Perry: I really didn’t see how Notes on the Synthesis of Form mapped onto A Pattern Language until I thought about it on LSD. Most of my insights are from the way marijuana affects my brain. It helps with seeing patterns, or seeing connections by noticing the same pattern in different places. Again, the hard and useful part is translating that back into the consensus reality. Have you read [Stephenson’s] Cryptonomicon? It’s like the inaccessible piles of gold bars in the jungle that nobody can move.
- B. Traven, The Treasure of the Sierra Madre
- Nabokov, Pale Fire
- Stephenson, Cryptonomicon
 From Perry’s “Ritual Epistemology“:
An acquaintance of mine, as a graduate student in religious studies, attended the services of several Central American Penteecostal churches in the Los Angeles area. Pentecostal churches are known for the ritual of speaking in tongues (glossolalia), with members often being possessed by the Holy Spirit during ritual services. My friend’s theory was that the members of these churches had, through behavior and ritual rather than dialectic, worked out a satisfying solution the Problem of Evil (the question as to why a benevolent, all-powerful God would allow evil to exist): good things were attributed to God, whereas bad things were attributed to possession by Satan and his demons. The subjective experience of being visited and inhabited by God provided plausibility to the possibility of evil spirits doing the same.

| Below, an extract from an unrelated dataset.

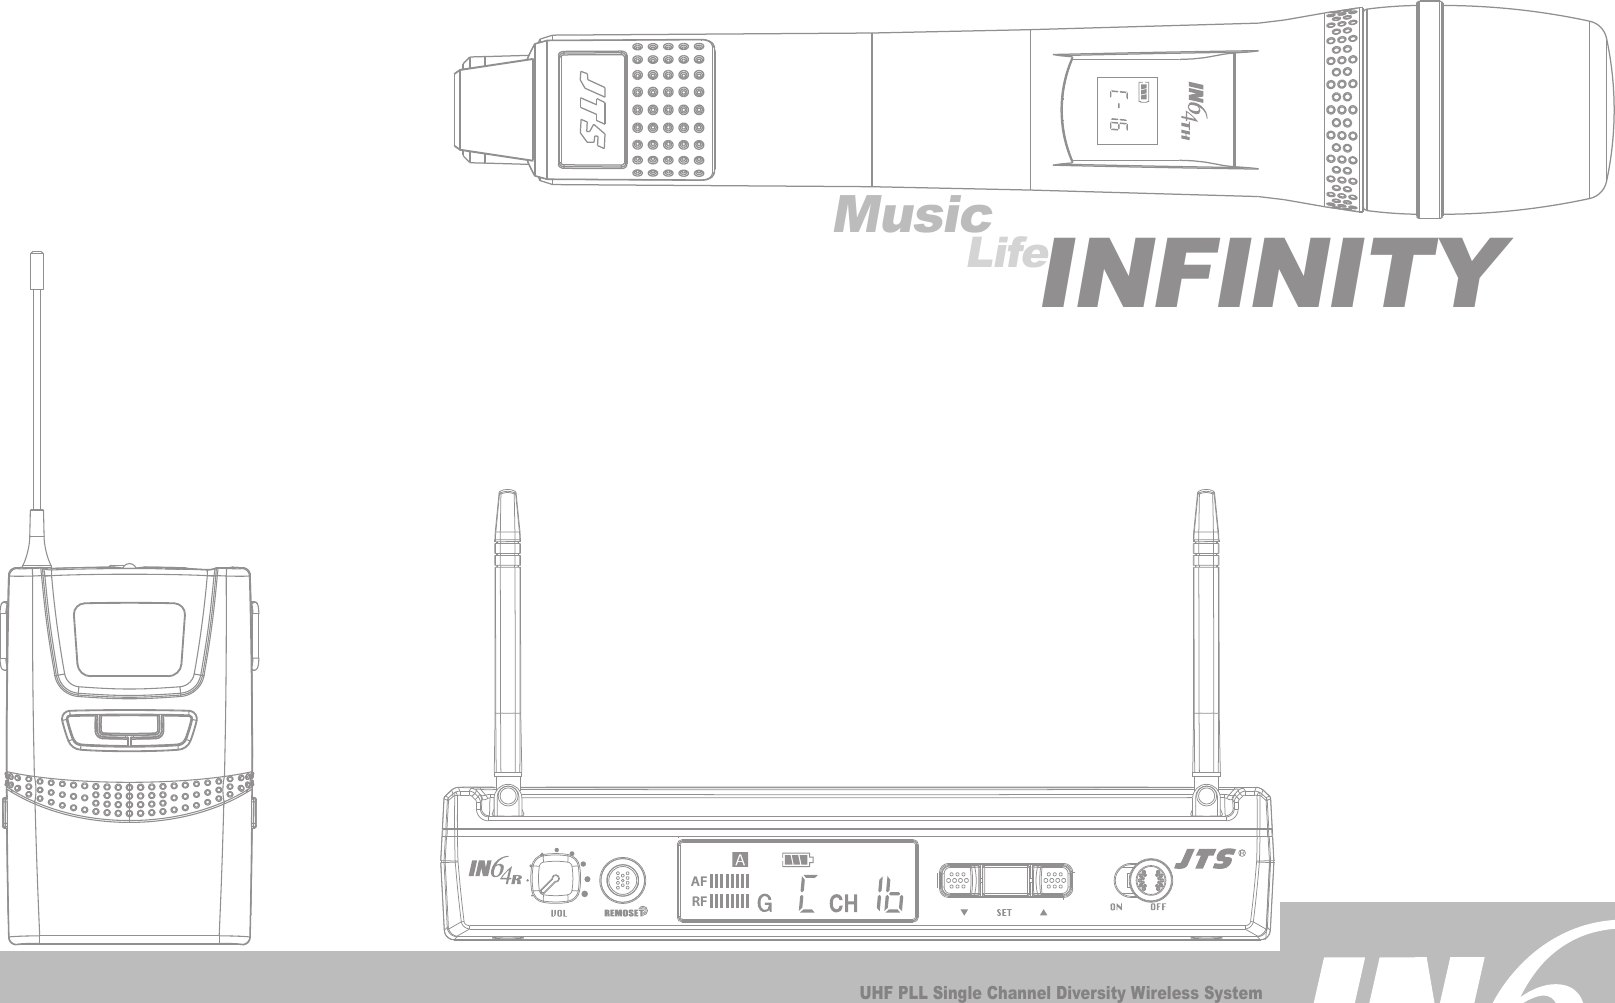 UHF PLL Single Channel Diversity Wireless System* The system is the initiative design to allow changing the transmitter’s  frequency by long-distance worldwide.* Preset 4 groups each of 16 UHF channels.MusicLifeINFINITYAFRF
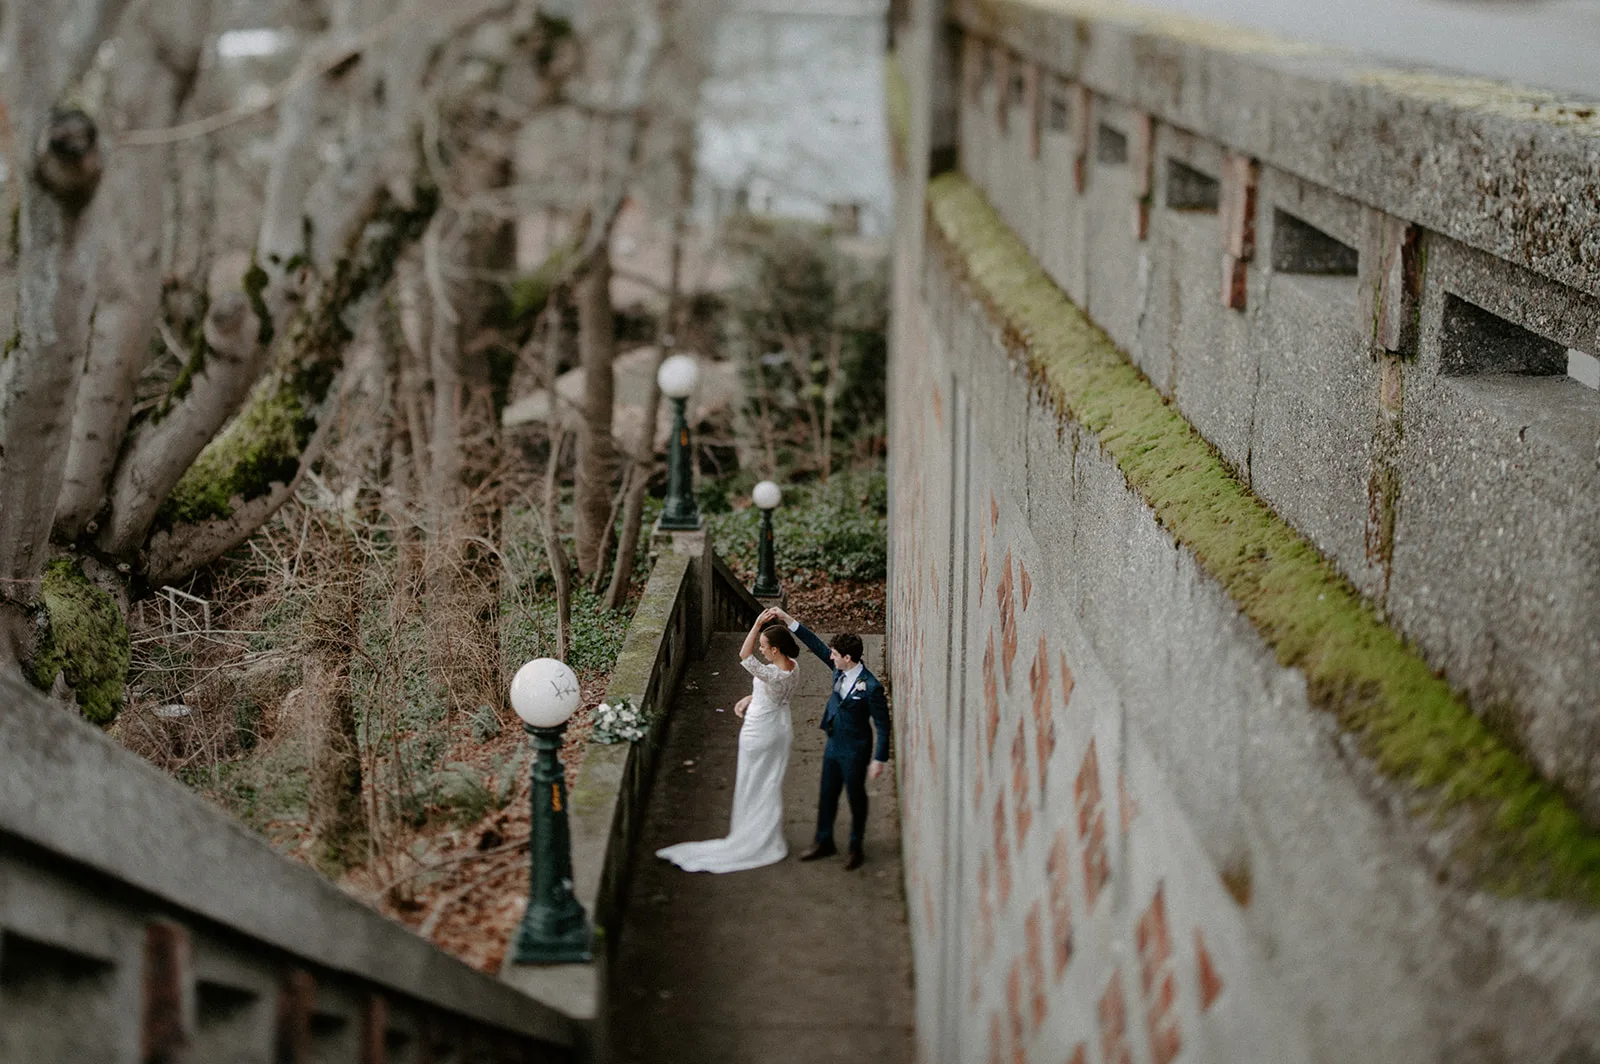 A bride and groom share their first dance on an outdoor pathway, surrounded by trees and vintage lampposts, creating a magical and intimate atmosphere.

I have previously written that belief is not necessary for glossolalia to occur, citing the example of the anthropologist Felicitas Goodman subjectively experiencing this kind of “possession” during her research, despite her appropriate scientific detachment. In fact, practice generally precedes belief. Ritual is more powerful than arguments and facts. The Pentecostal church members are a prime example of ritual epistemology: working out truth and meaning not through argument, papers, and conferences, as in analytic philosophy, but through ritual, practice, and experience. (Of course, one might argue that arguments, papers, and conferences are, in fact, analytic philosophy’s rituals.)
 From Perry’s introductory “What is Ritual?”:
A peacock’s tail is the classic example: only a very healthy and fit bird could get away with growing such a ridiculously impractical tail. Similarly, sacrificing a great deal for one’s group is a costly signal of loyalty, and therefore more likely honest than mere ‘lip service.’